# Can I leave the UK and return whilst on a six month visitor visa?



## KtO (Mar 13, 2013)

Hi Everyone,

I just have a question about the visitor visa that was issued to me by UKBA. Just quickly, I was on a two year working holiday visa. Upon expiration of that visa I left the UK and returned the following day. I was well prepared with paperwork pertaining to my bank accounts, ownership of my property back in Australia, a return flight home and a letter from my employer in Oz stating that I am still employed and will be returning to work this year. 

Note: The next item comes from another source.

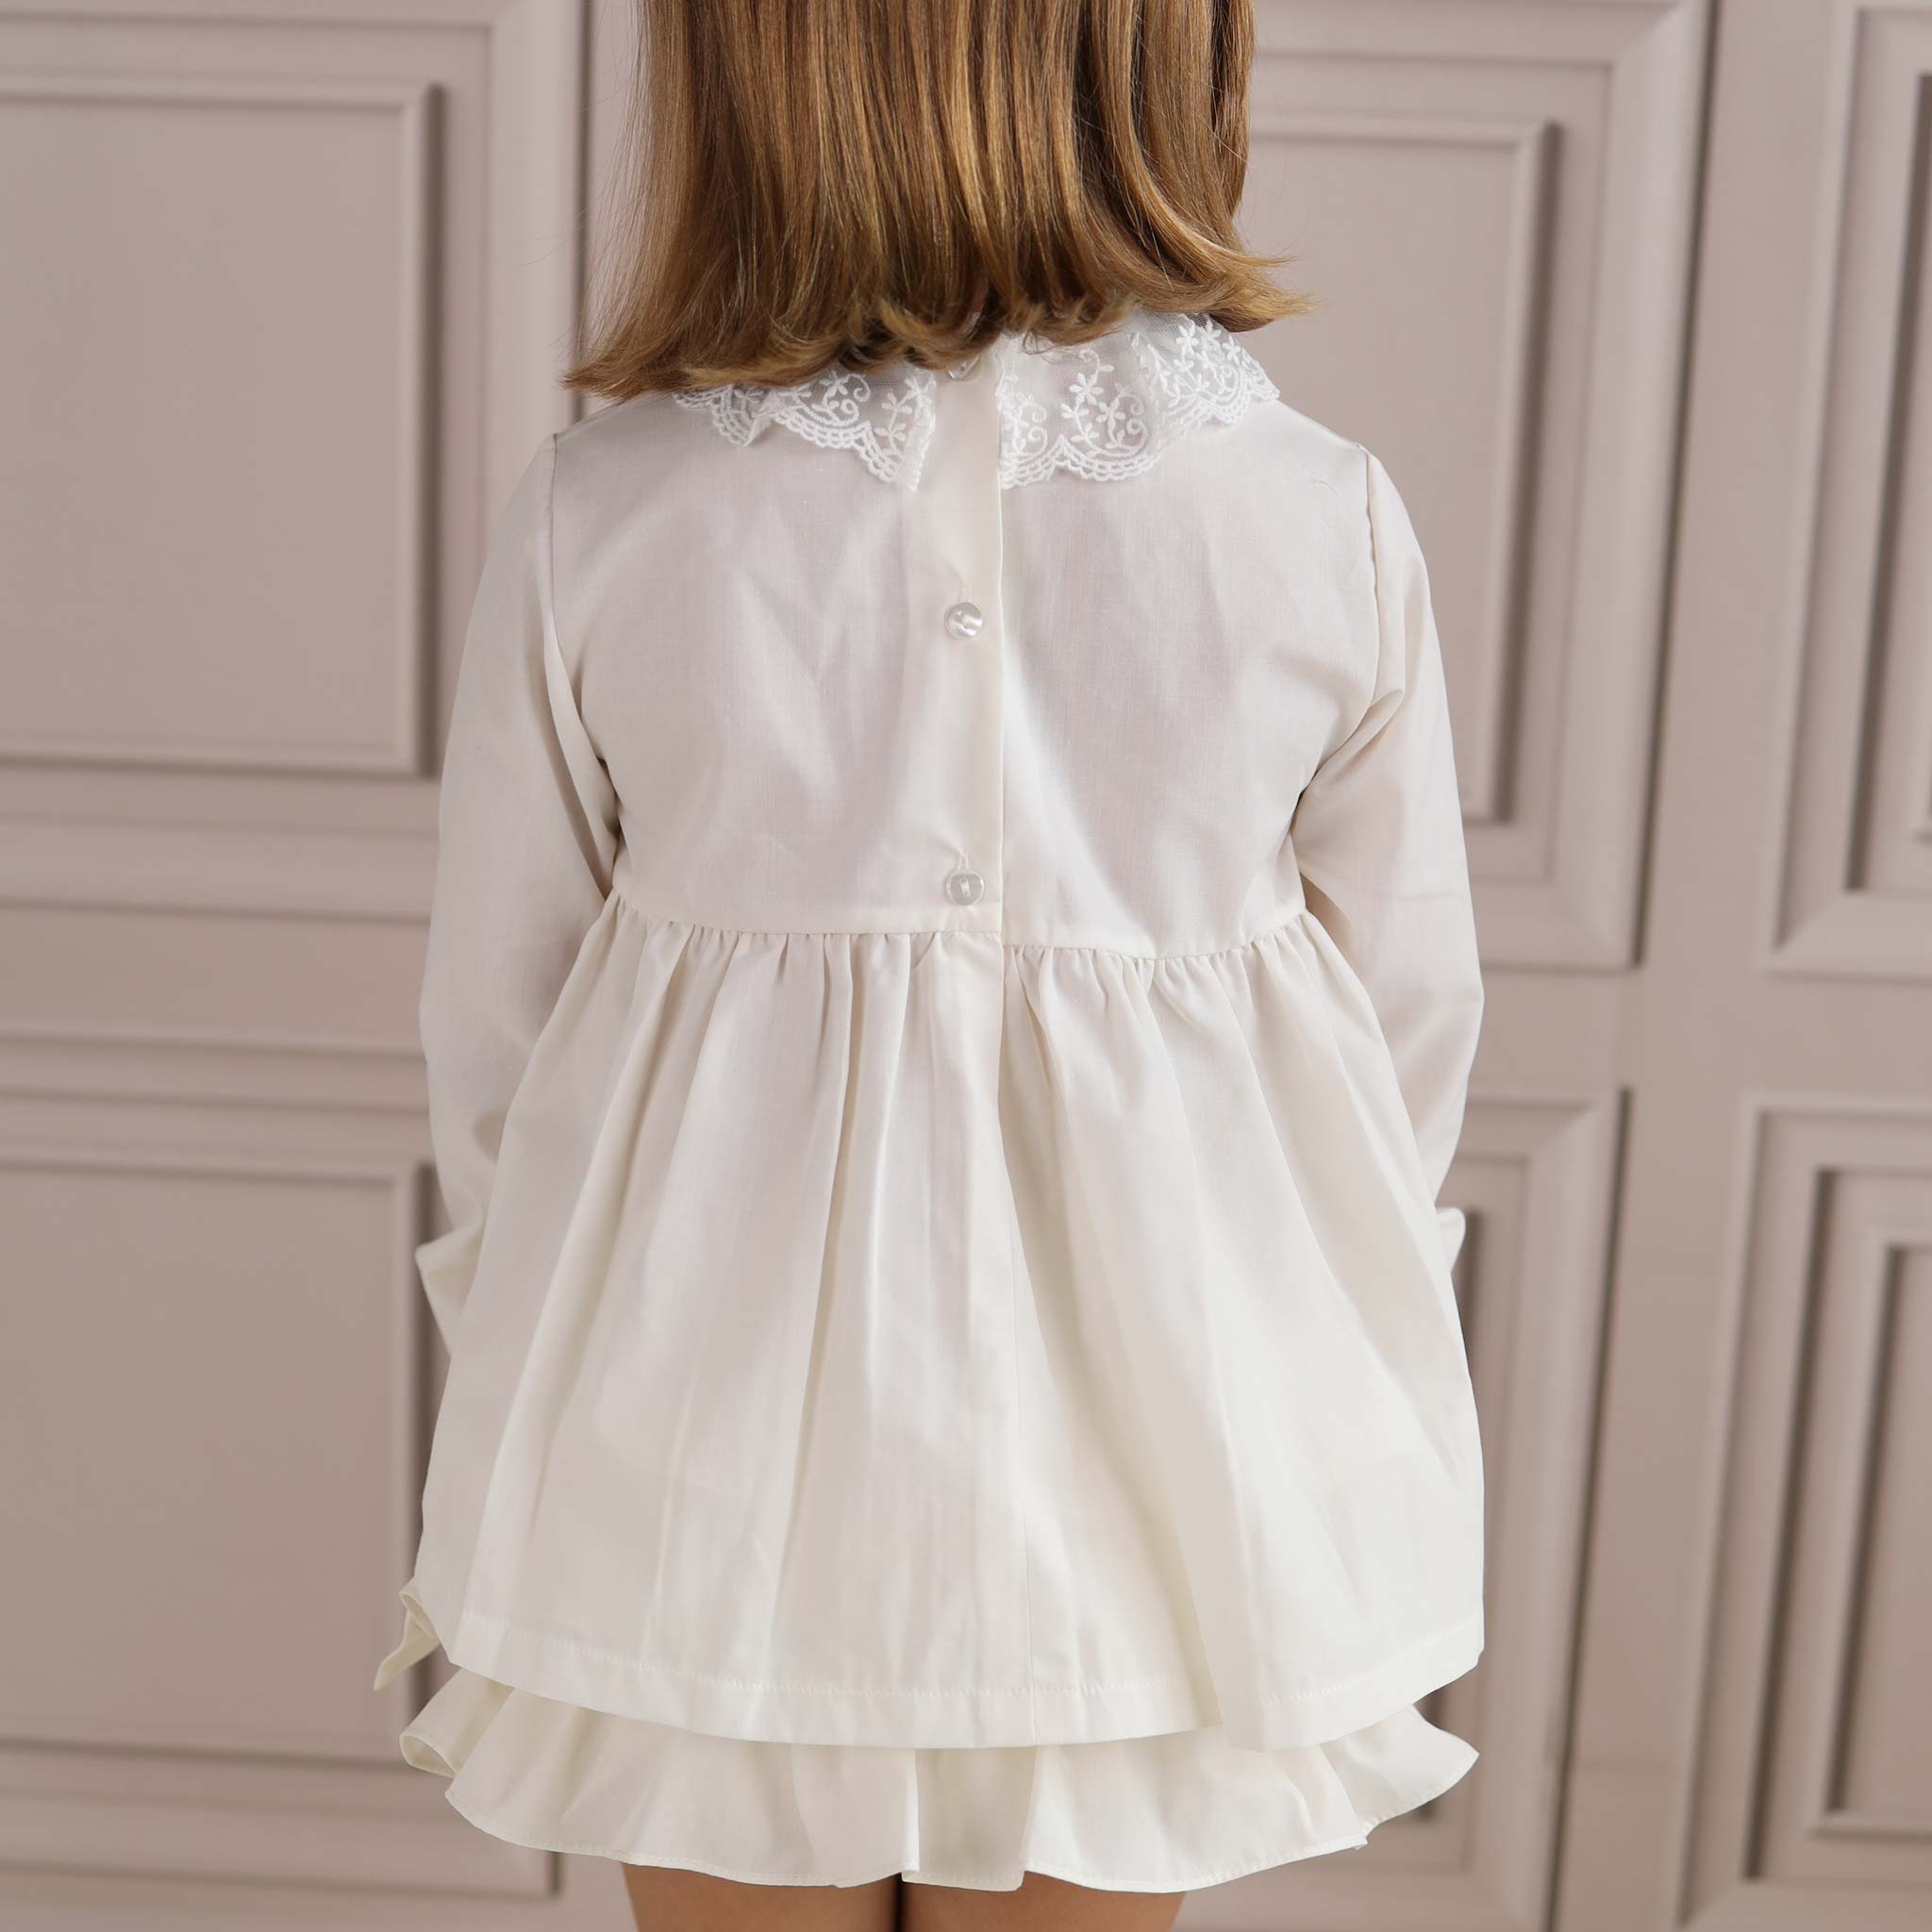 Lace Collar Girls Blouse - Ivory (6M-4Y)

After much deliberation I was granted a visitor visa for 6 months stamped "Leave to enter for/until six months." Whilst stamping my passport the border agency officer said to me, "Don't try to leave and come back again because you won't be let in." I am not sure if the border agency officer meant that I could not return if I left during the 6 months (while that visa was valid) or if she meant after 6 months don't try and come back on another 6 month visa.Herein lies my problem and here is where I think I may be 'pushing the friendship' with UKBA so to speak. My friend booked a 3 night trip to Italy in April for both of us which I would really like to go on.

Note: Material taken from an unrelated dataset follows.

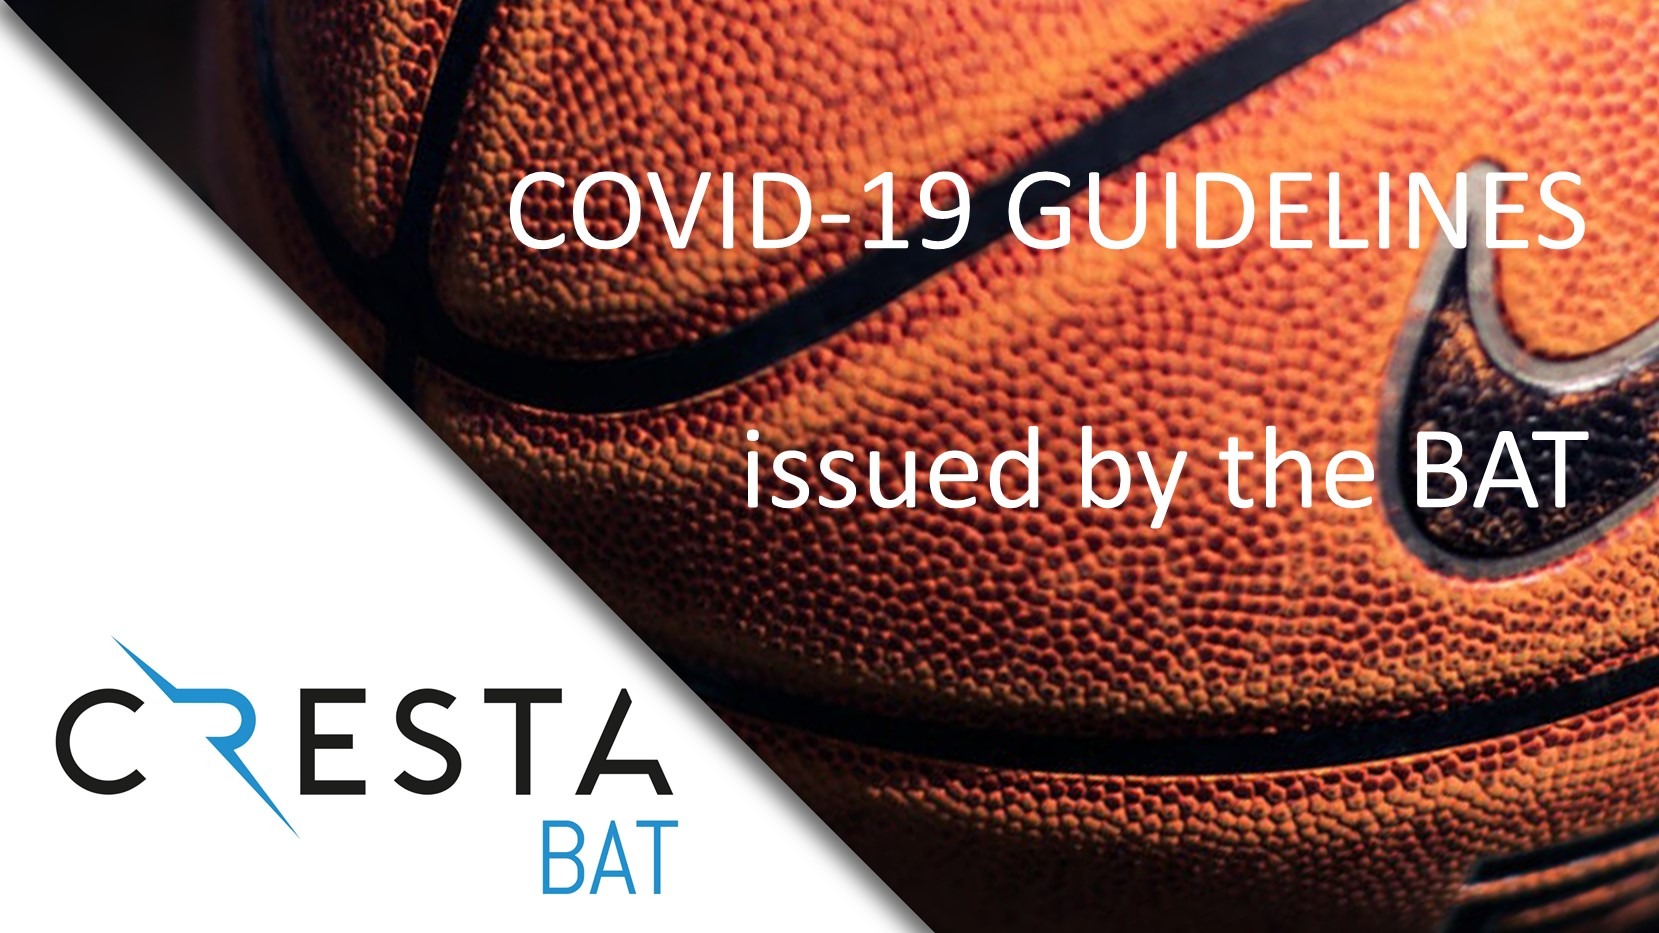 BAT’s COVID-19 guidelines

So the question is, am I able to leave and return to the UK with this visitor visa? Is it likely I will encounter problems at the border even though I have a 6 month stamp in my passport?

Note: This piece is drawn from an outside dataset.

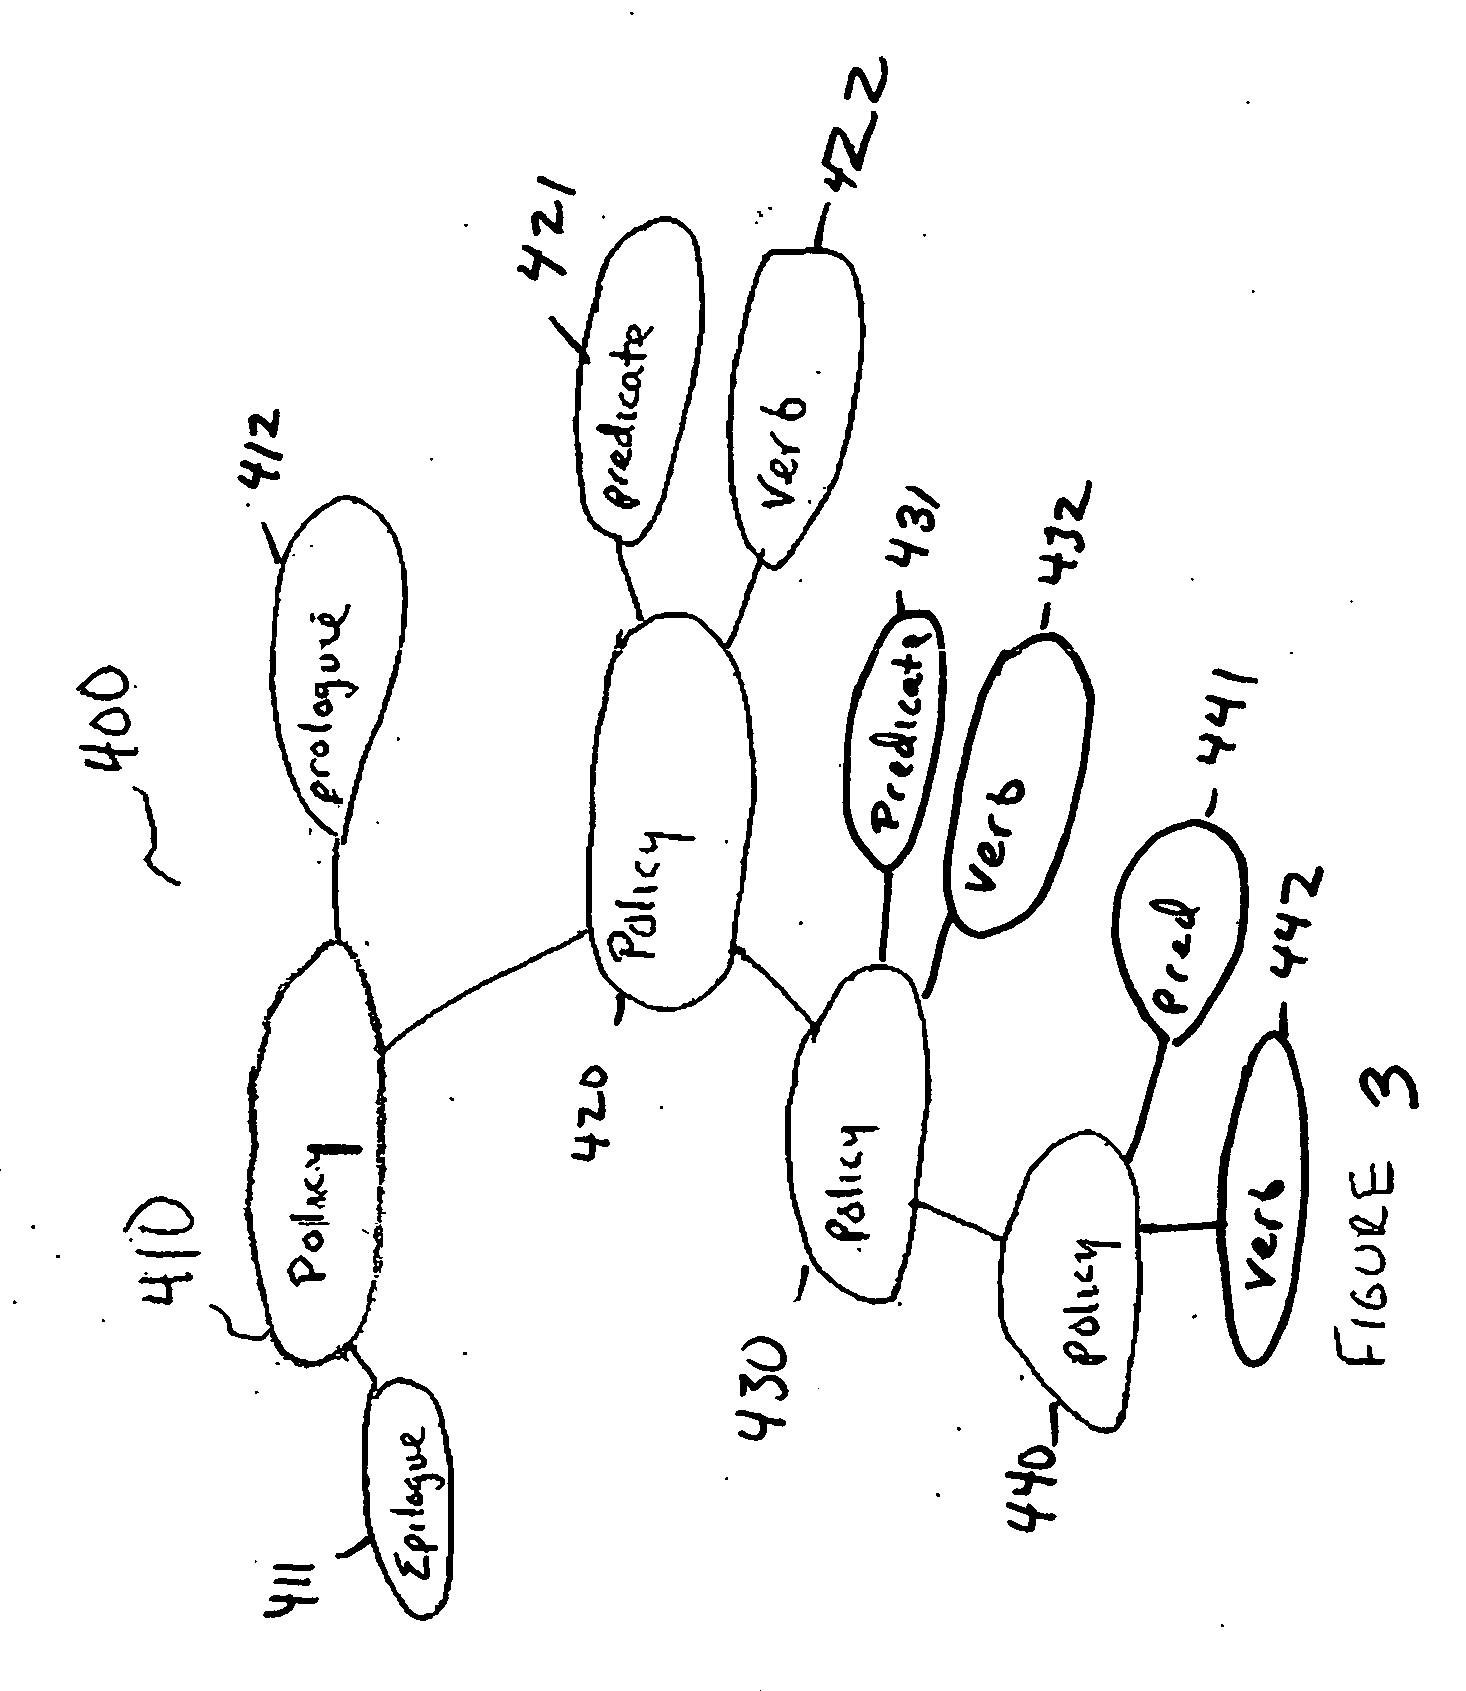 System and method for evaluating policies for network load balancing

I've trawlled this site and the UKBA website and couldn't find a definitive answer so any help with this would be greatly appreciated. And I hope this has made sense!

Kind regards,
KtO


----------



## nyclon (Apr 3, 2011)

KtO said:


> Hi Everyone,
> 
> I just have a question about the visitor visa that was issued to me by UKBA. Just quickly, I was on a two year working holiday visa. Upon expiration of that visa I left the UK and returned the following day. I was well prepared with paperwork pertaining to my bank accounts, ownership of my property back in Australia, a return flight home and a letter from my employer in Oz stating that I am still employed and will be returning to work this year.
> 
> ...


No. You won't be able to return with the visitor visa that is currently in your passport. It is only good while you remain in the UK. Once you leave the UK that visa is terminated and you must reapply again at the border and from your previous encounter, it seems unlikely that you would be allowed in.


----------